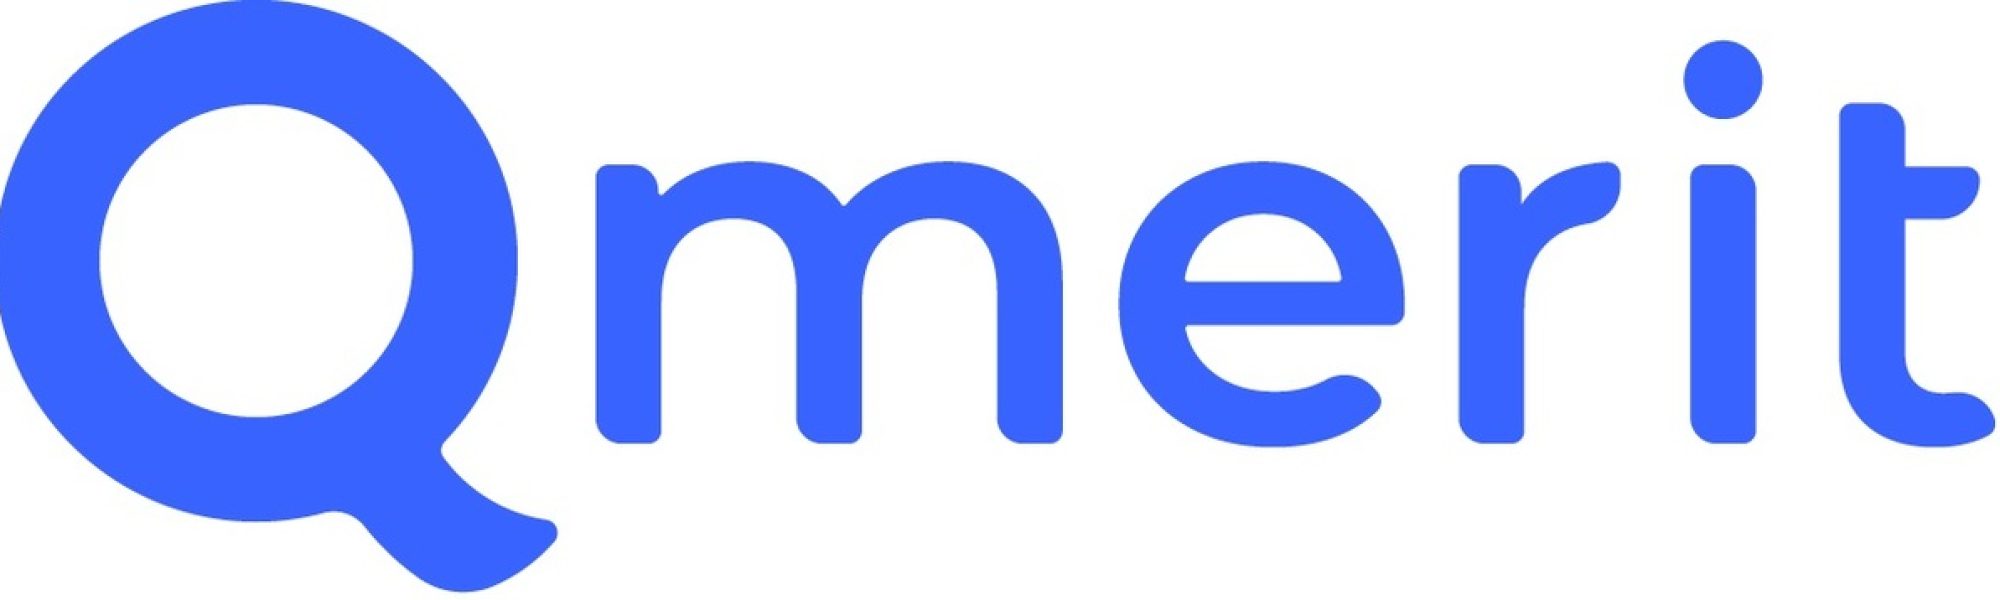 Qmerit Partners with Utilities to Accelerate Their Customers' Electrification Journey
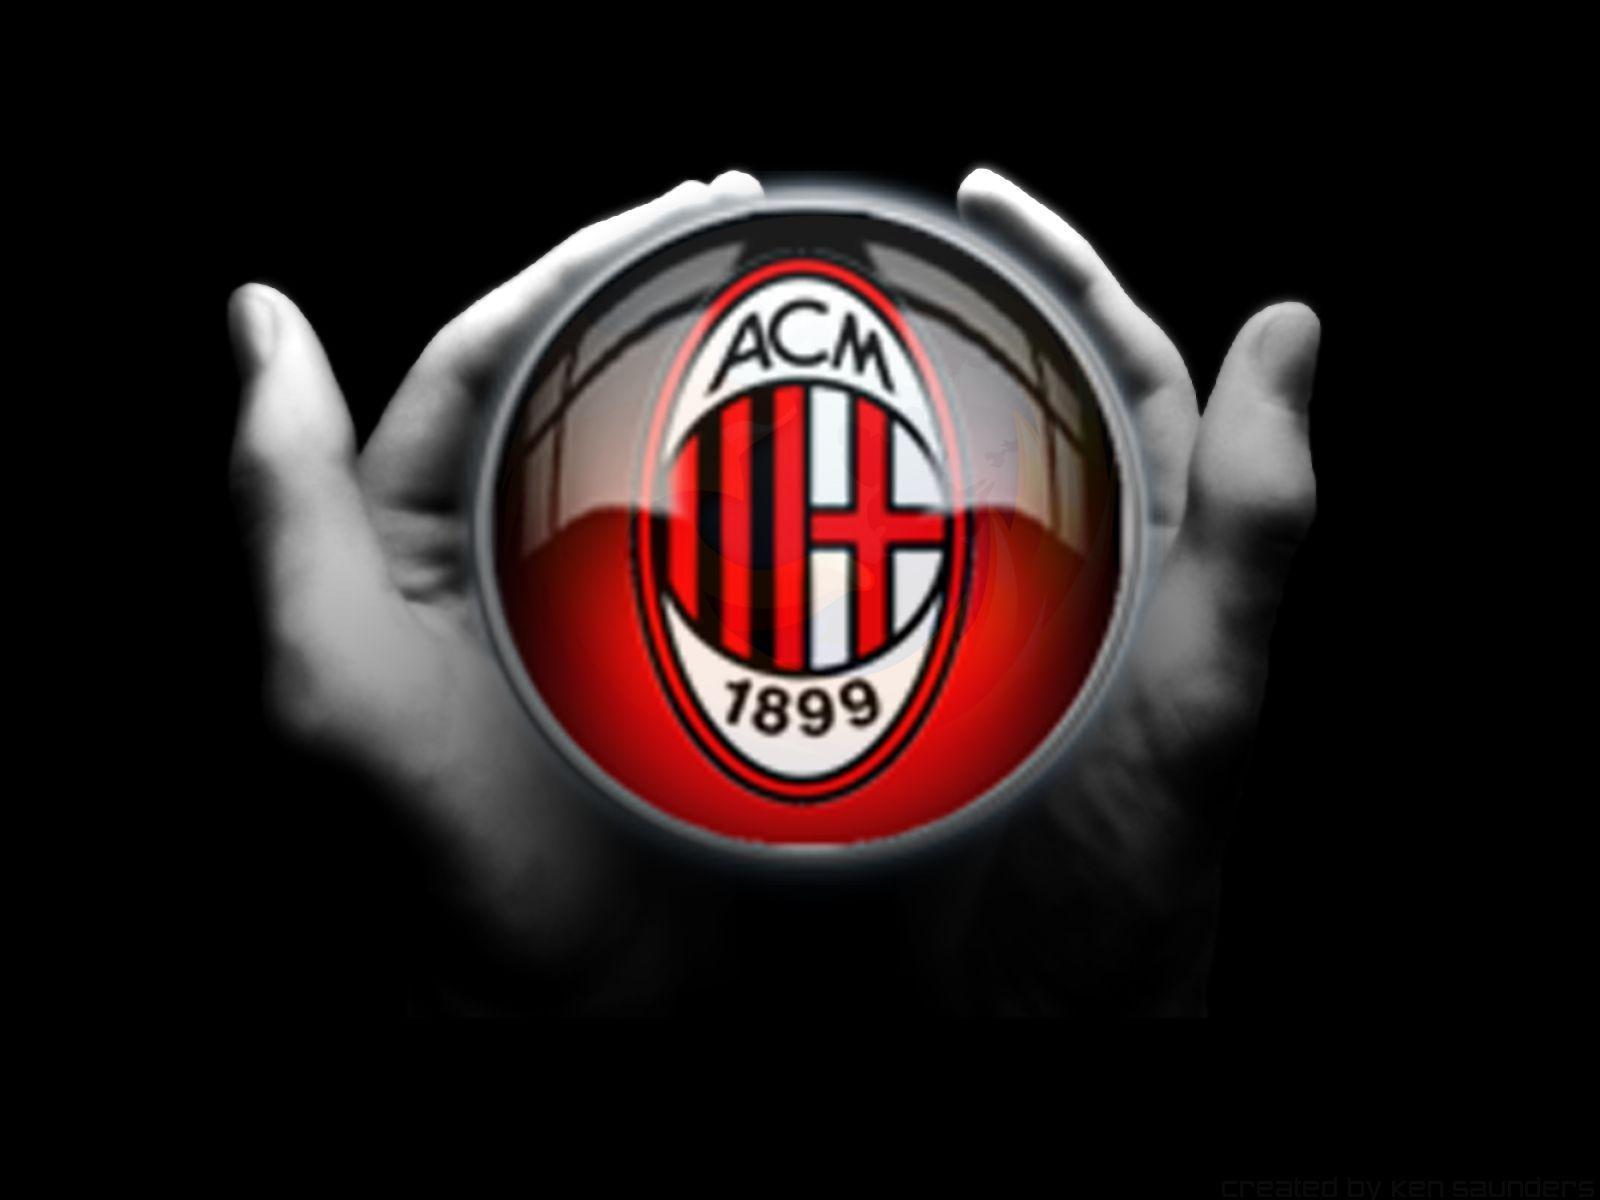 AC Milan HD Wallpaper for Desktop, iPhone, iPad, and Android
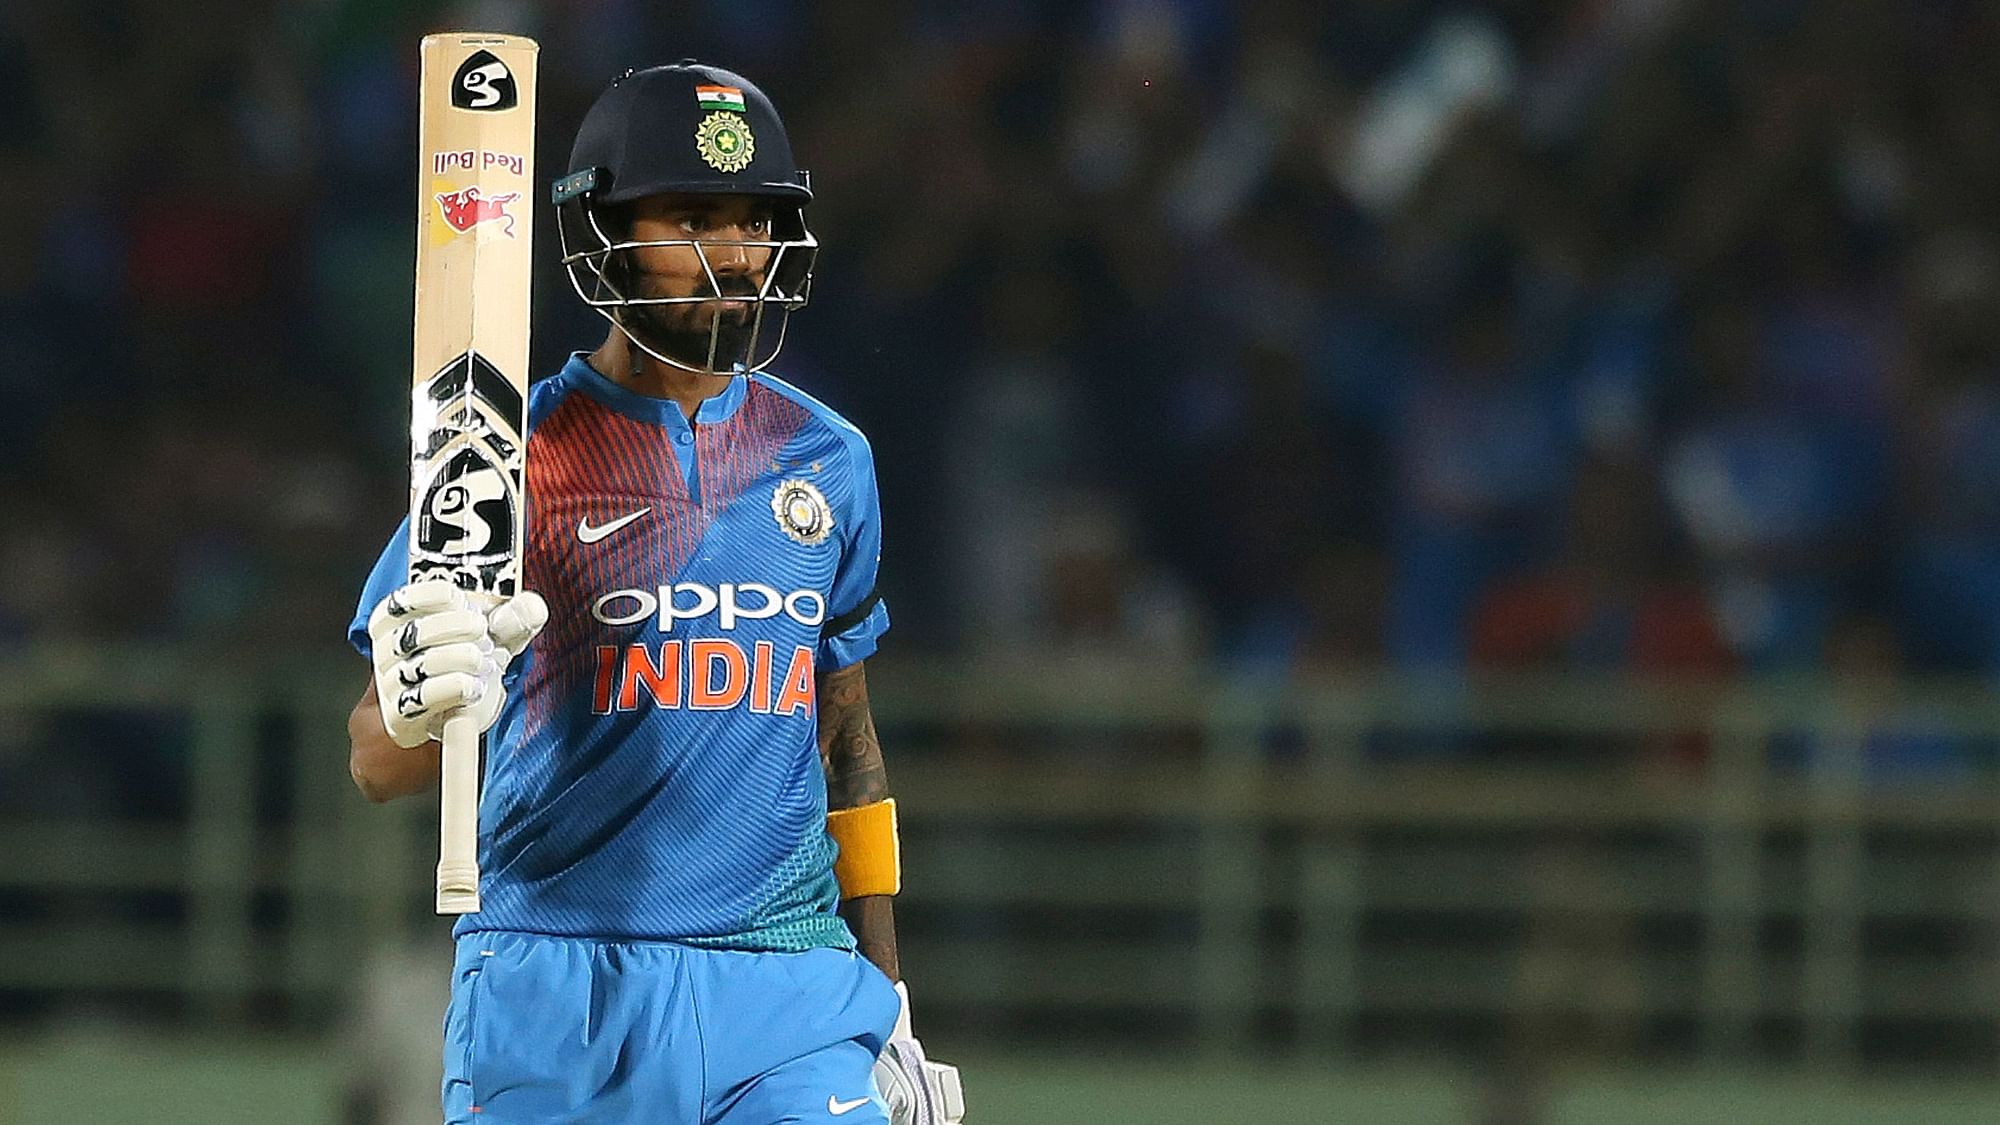 KL Rahul hit a 36-ball 50 in what was his first outing for India since the ‘Koffee With Karan’ controversy.

_ _ _

* TASK PROMPT:
Give the data back exactly, omitting all pictures.

* TASK OUTPUT:
 Qmerit Partners with Utilities to Accelerate Their Customers' Electrification Journey
 AC Milan HD Wallpaper for Desktop, iPhone, iPad, and Android
 KL Rahul hit a 36-ball 50 in what was his first outing for India since the ‘Koffee With Karan’ controversy.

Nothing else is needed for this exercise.